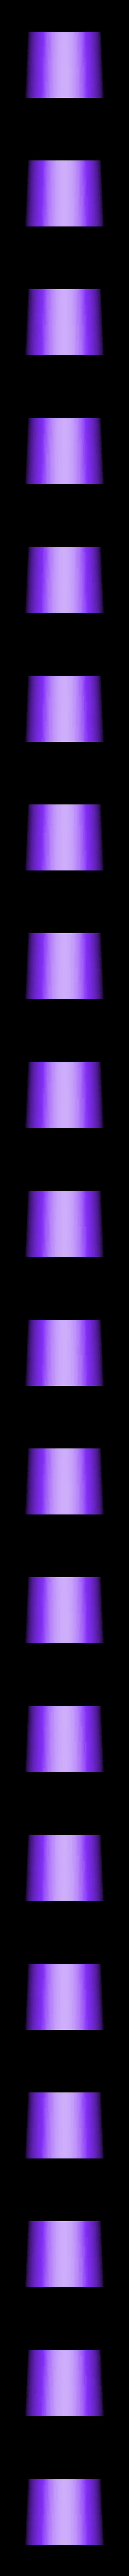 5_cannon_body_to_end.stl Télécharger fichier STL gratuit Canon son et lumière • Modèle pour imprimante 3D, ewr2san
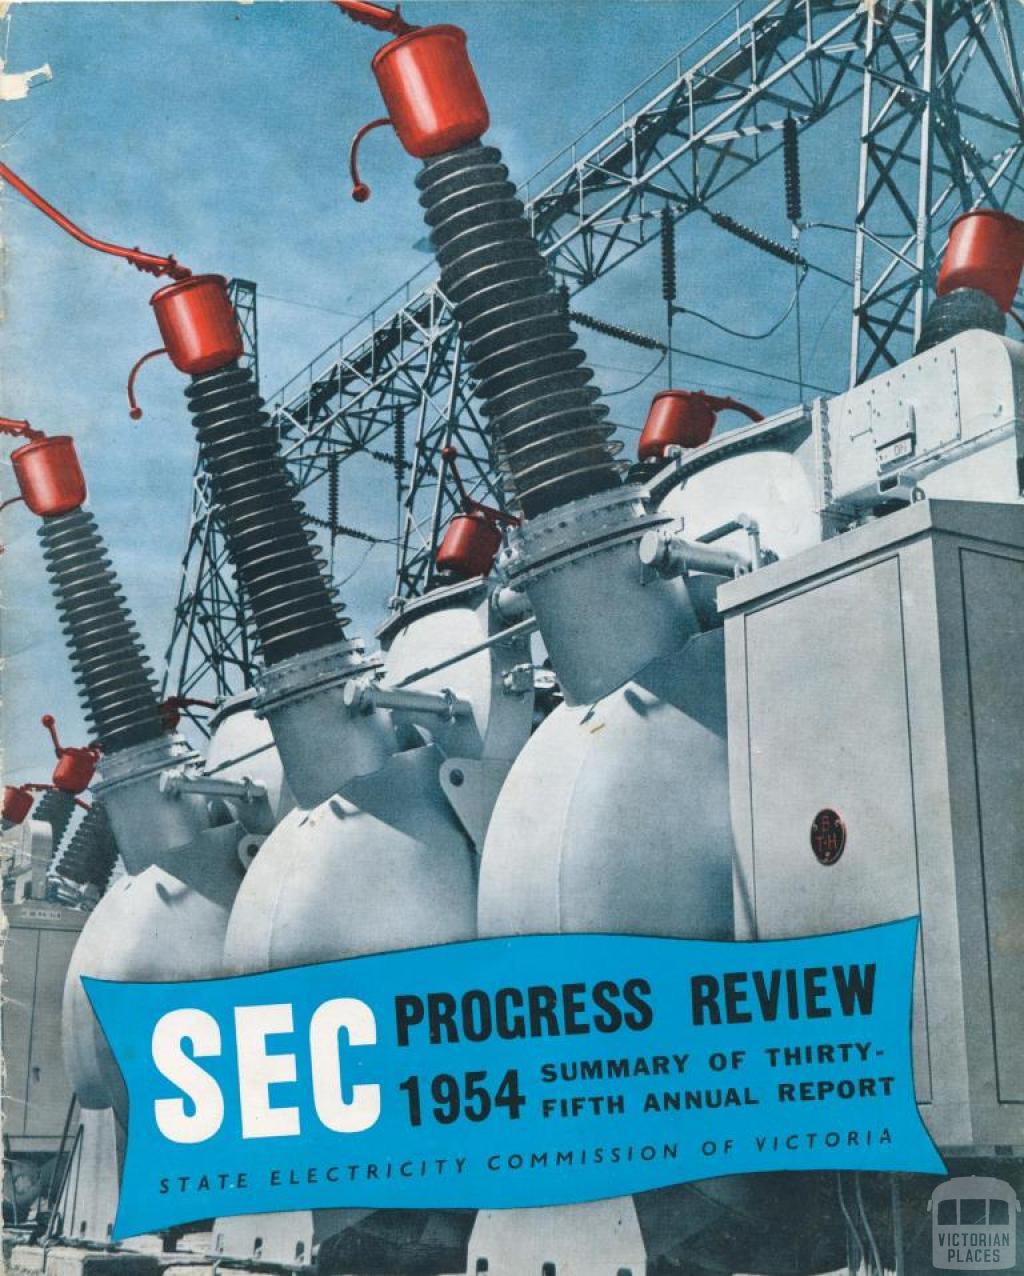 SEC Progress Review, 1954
+---+
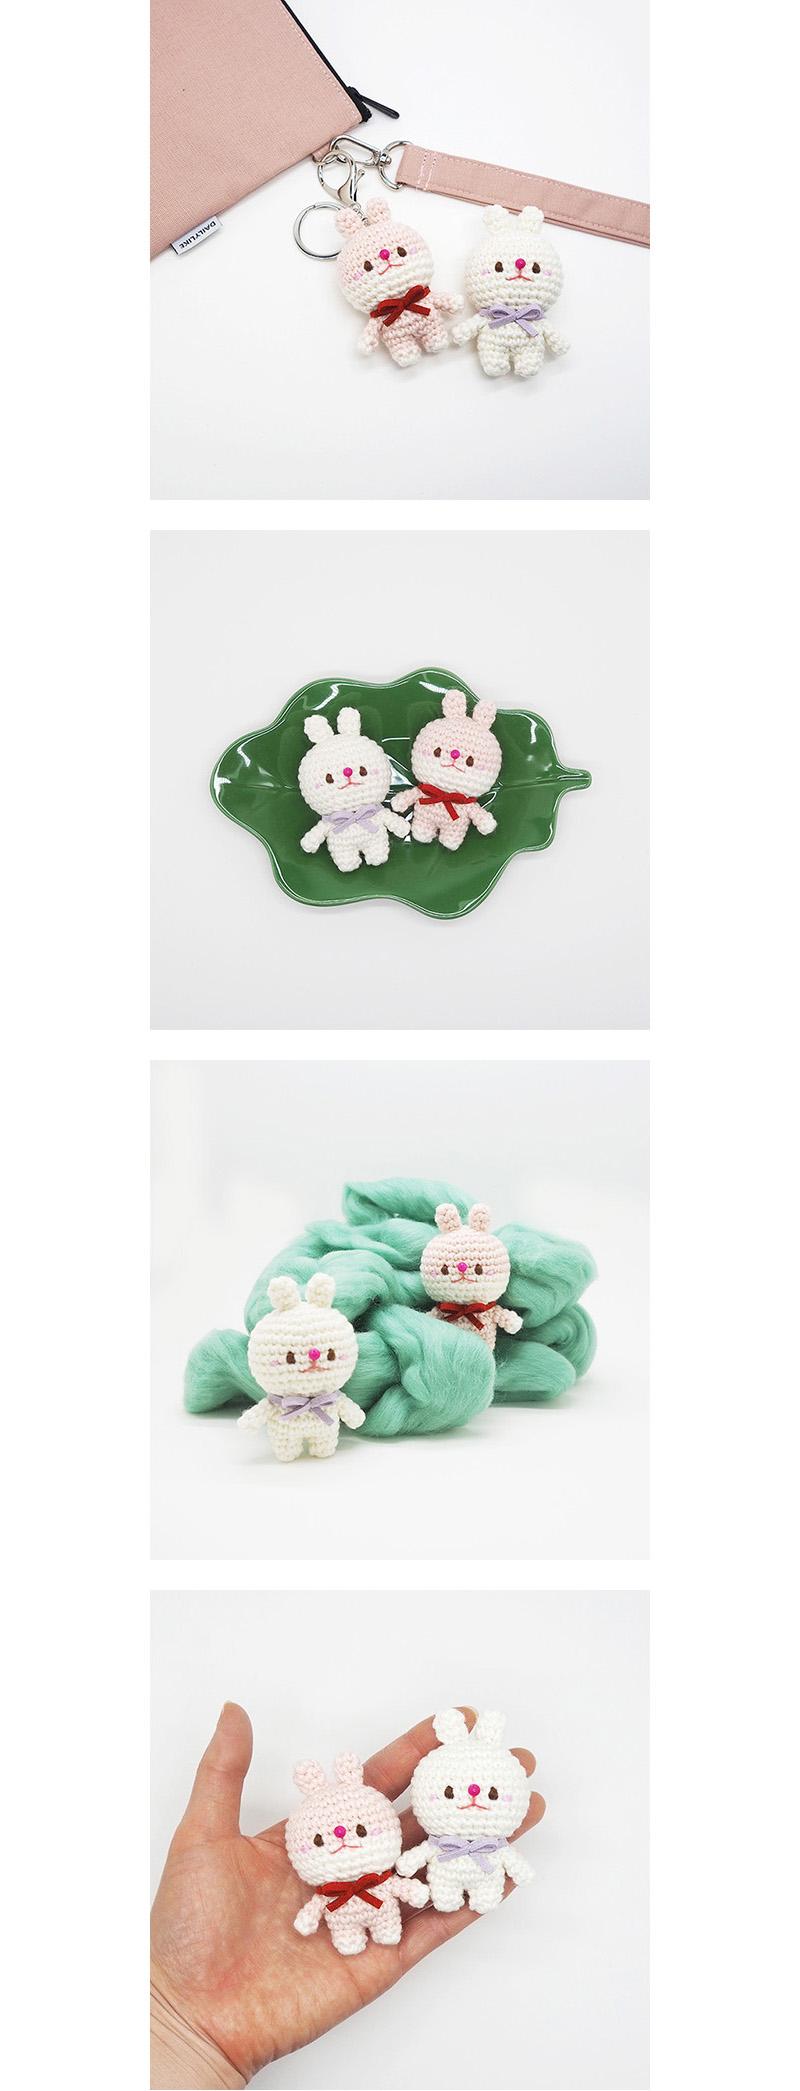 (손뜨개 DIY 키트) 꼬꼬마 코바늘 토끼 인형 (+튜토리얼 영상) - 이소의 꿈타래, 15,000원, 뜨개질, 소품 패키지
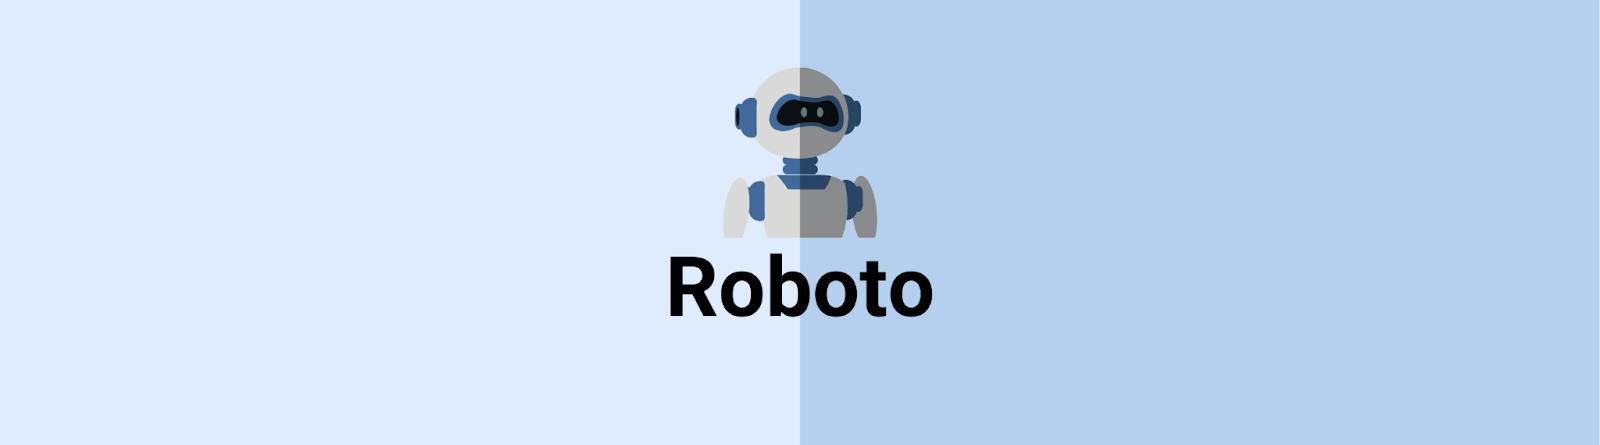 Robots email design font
+---+
* Task requirements:
Using the data above, return the lines from the one holding "(손뜨개 DIY 키트)" through the one holding "Robots email design font" exactly, but not the pictures.

* Response to the exercise:
 (손뜨개 DIY 키트) 꼬꼬마 코바늘 토끼 인형 (+튜토리얼 영상) - 이소의 꿈타래, 15,000원, 뜨개질, 소품 패키지
 Robots email design font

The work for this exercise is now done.